Cells That Sense and Get Stuck
As the tissue stiffened under the light, Ahmed observed that cells began to stretch out, changing shape. And, it wasn't just cosmetic. This physical stretching was a sign that the cells were transitioning into a different cell type.
But then they stalled.
"These cells were caught in a sort of identity crisis," says Ahmed. "They were stuck between types, unable to perform either role well. And that's a problem."
These "transitional" cells have been spotted before in fibrotic tissue samples, both in mice and humans. What hasn't been understood, until now, is how they get there.
Loebel and Ahmed's model suggests that changes in tissue stiffness alone can prompt cells to begin transitioning, and when they get stuck, they contribute to the very stiffness that triggered them — setting up a potential feedback loop that accelerates disease.
Imagine a child's play tunnel: when it's soft and flexible, it's easy to crawl through. But once it becomes rigid, movement and communication amongst individuals become difficult. Similarly, in a stiffened extracellular matrix, cells can get trapped, lose their function and change shape. Worse, they may attract other "bad" cells that thrive in rigid environments, compounding the damage.

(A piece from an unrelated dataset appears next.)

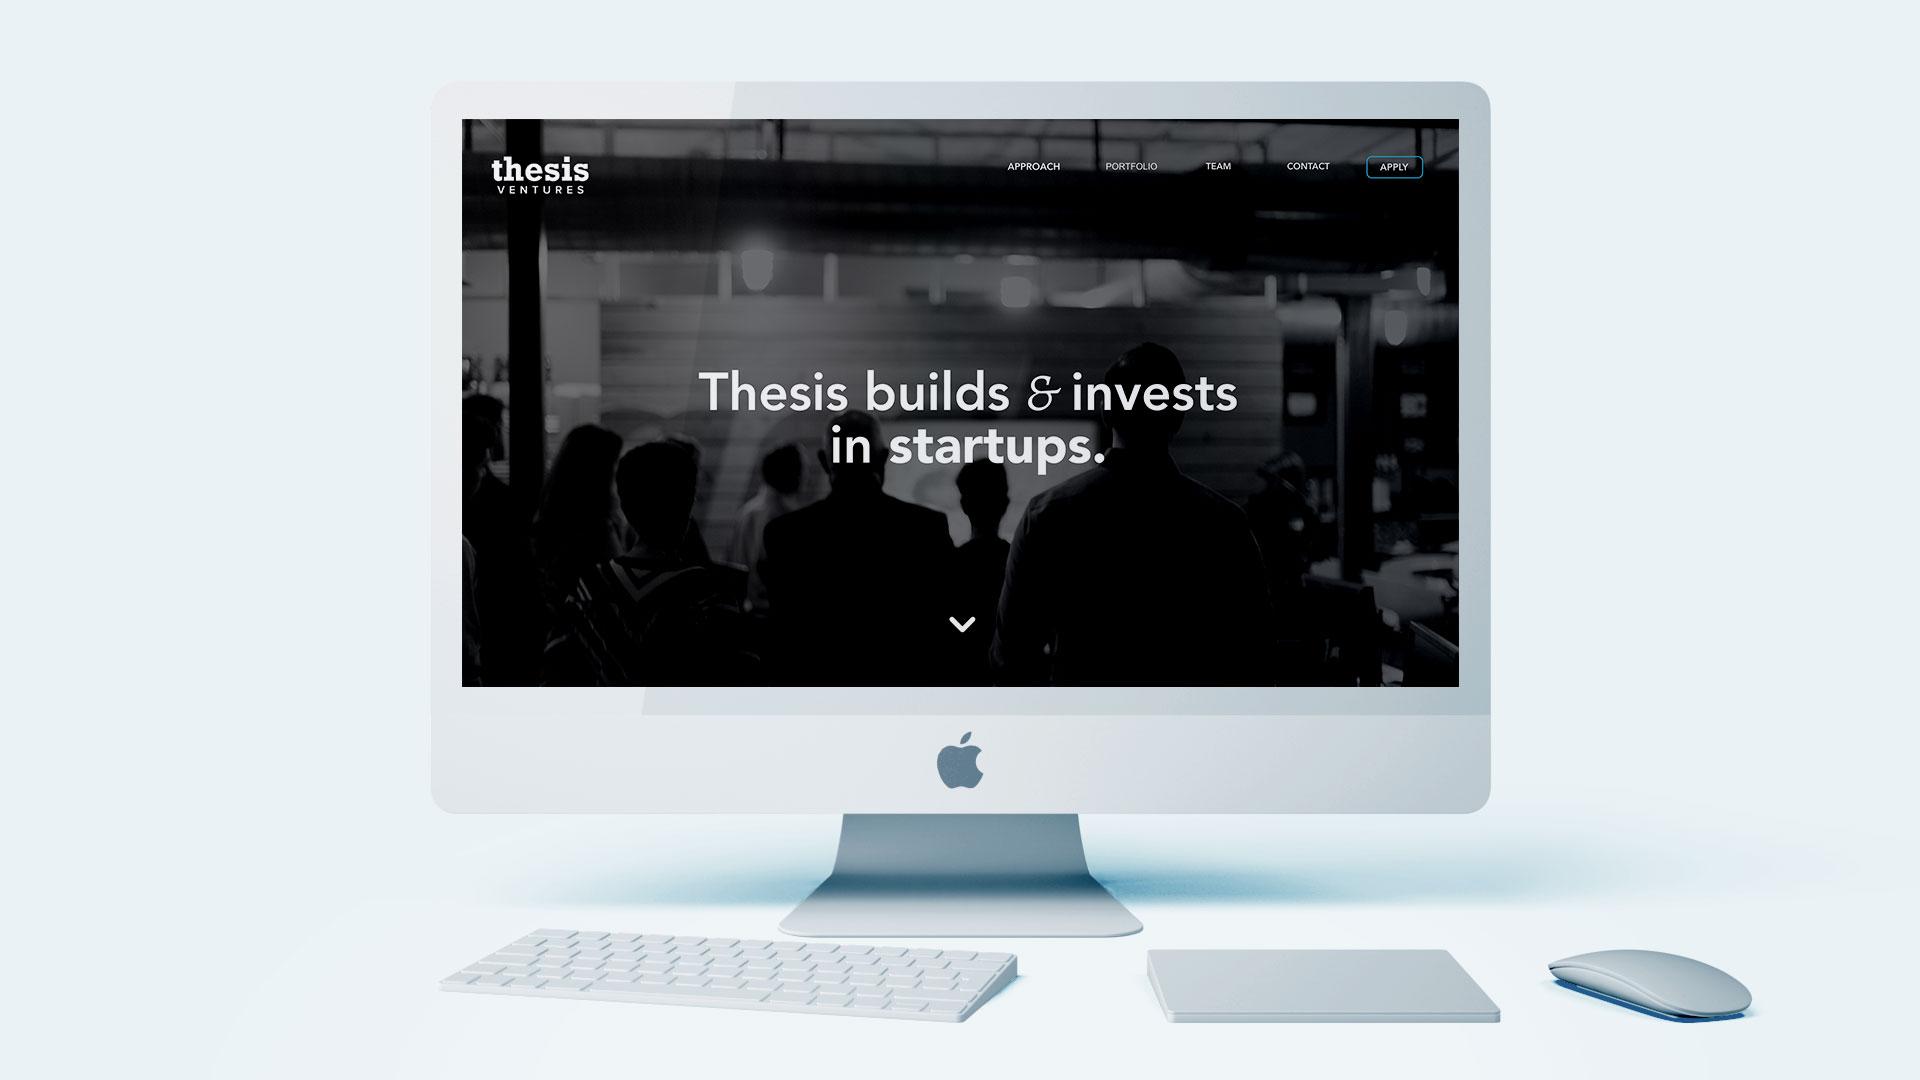 iMac_thesis-1

A Mechanical Problem with Biological Consequences
While the biology of fibrosis has long been studied, this project reframes the disease as a problem of mechanics.
"I love thinking about this from a mechanical engineering perspective," says Ahmed. "It's not just about chemical signals. The physical environment matters deeply."
To measure just how stiff the tissue had become, the team used a nanoindenter, an engineering tool typically reserved for testing materials like plastics or metals. They applied it to biological tissue, providing precise data about how stiffness changes in real time.
"We are uniquely positioned to tackle this problem due to our expertise in both engineering and biology," says Matthew Lee Tan, co-first author and former postdoctoral fellow at the University of Michigan. "This lets us identify opportunities to apply engineering tools to study disease and uncover new biological insights."
This interdisciplinary approach, combining tools from engineering, insights from biology and models built on real human tissue, reflects the collaborative spirit of Penn Engineering's scientific ecosystem.
Where to From Here?
The team's leading hypothesis is that these early-responding cells, once stuck in a transitional state, lay the groundwork for fibrosis to progress. They not only lose their original function but actively stiffen the tissue around them, making the environment more attractive to fibrosis-promoting cells.
And while this study focused on epithelial cells — those at the interface between lung tissue and air — the researchers plan to expand their work to other key players in fibrosis: macrophages, fibroblasts and neutrophils.
"This is just the first step," says Loebel. "Now that we've built this tool, we can use it to look at cell-specific contributions to fibrosis, not just in the lungs, but potentially in other organs like the liver or skin, where fibrosis also causes major health problems."
A Blueprint for Future Therapies
Ultimately, the hope is that by understanding how stiffness affects cells in the earliest phases of fibrosis, scientists and doctors can better predict who's at risk and when to intervene.
"We're not trying to recreate fibrosis in the lab," Loebel says. "We're identifying its starting point. If we can understand the first responders, we can work toward treatments that prevent the entire cascade from happening."
Funding for this work came from the National Institutes of Health (R00-HL151670, R35GM157063, T32 GM1404, NHLBI T32 HL007749, R35HL160770 and R56ES035710), the American Lung Association (IA-939940), the David and Lucile Packard Foundation, and the National Science Foundation (NSF CMMI-1751898). The authors also thank Steven Huang for his assistance with human tissue sample collection.